2. The fluorescence detection sensing device based on cavity enhanced surface plasmon resonance of claim 1, wherein: the wavelength adjusting range of the light beam emitted by the laser light source (1) is 400-625 nm.

3. The fluorescence detection sensing device based on cavity enhanced surface plasmon resonance of claim 1, wherein: the wavelength range of the light beam allowed to pass through by the blue algae fluorescence excitation band-pass filter (21) is 500-625 nm, and the wavelength range of the light beam allowed to pass through by the chlorophyll fluorescence excitation band-pass filter (22) is 400-550 nm.

4. The fluorescence detection sensing device based on cavity enhanced surface plasmon resonance of claim 1, wherein: the beam coupler (3) is a prism coupler or an optical fiber coupler.

5. The fluorescence detection sensing device based on cavity enhanced surface plasmon resonance of claim 1, wherein: the high reflection cavity (41) is a three-quarter spherical high reflection cavity made of SiO₂The thickness of the cavity wall is 5-10 μm, and the diameter of the cavity is 0.5-2.5 cm.

6. The fluorescence detection sensing device based on cavity enhanced surface plasmon resonance of claim 1, wherein: the nanoparticles of the nanoparticle layer (43) are of a core-shell structure, the particle diameter is 50-80 nm, and the nanoparticle layer comprises a gold nanolayer and a silicon dioxide nanolayer wrapped outside the gold nanolayer and is used for enhancing a fluorescence sensing signal.
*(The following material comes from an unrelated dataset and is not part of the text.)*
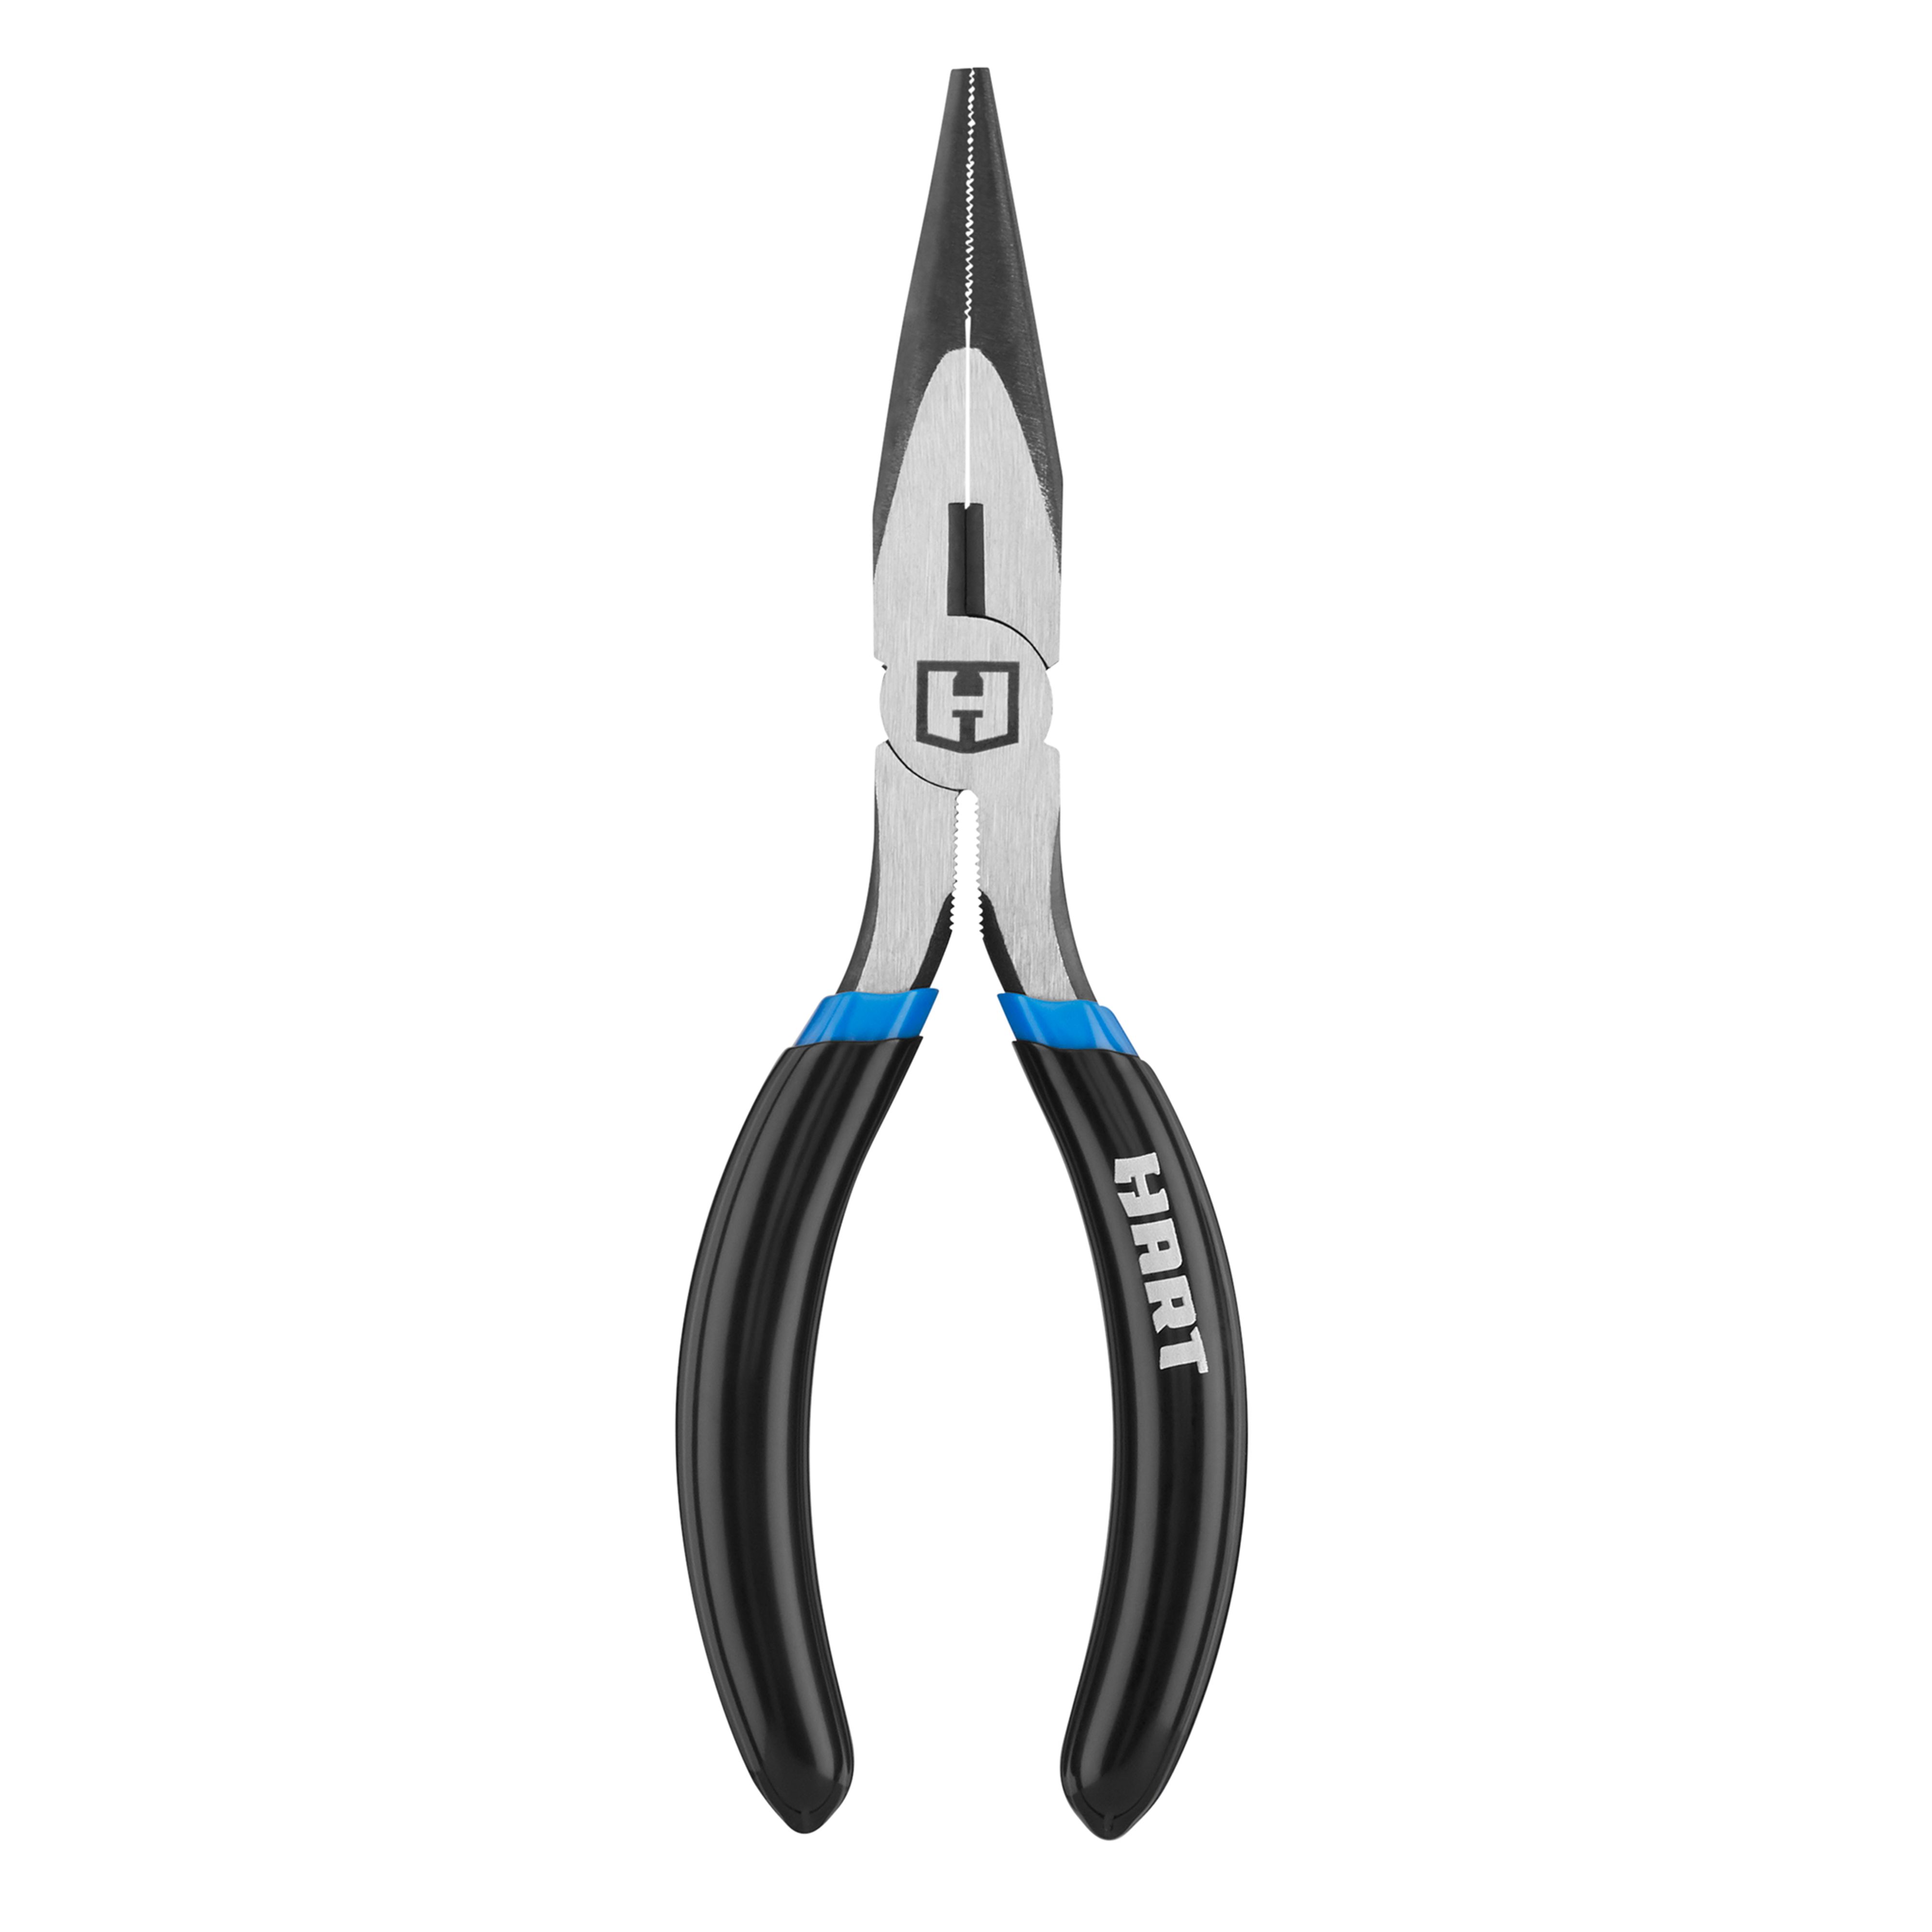 HART 2-Piece Pliers Set, 6-inch Long Nose, 8-inch Slip Joint - image 4 of 11

7. The fluorescence detection sensing device based on cavity enhanced surface plasmon resonance as claimed in claim 1 or 5, wherein: the metal layer (42) is a gold film with the thickness of 50-80 nm and is arranged on the opposite side of the quarter gap of the high reflecting cavity (41).

8. The fluorescence detection sensing device based on cavity enhanced surface plasmon resonance as claimed in claim 1 or 5, wherein: the cut-off wavelength of the long-wave pass filter (5) is 630nm and is arranged at the quarter gap of the high reflection cavity (41).

9. The fluorescence detection sensing device based on cavity enhanced surface plasmon resonance of claim 1, wherein: the optical information receiving unit (7) is a photodiode, a photomultiplier tube or an avalanche diode.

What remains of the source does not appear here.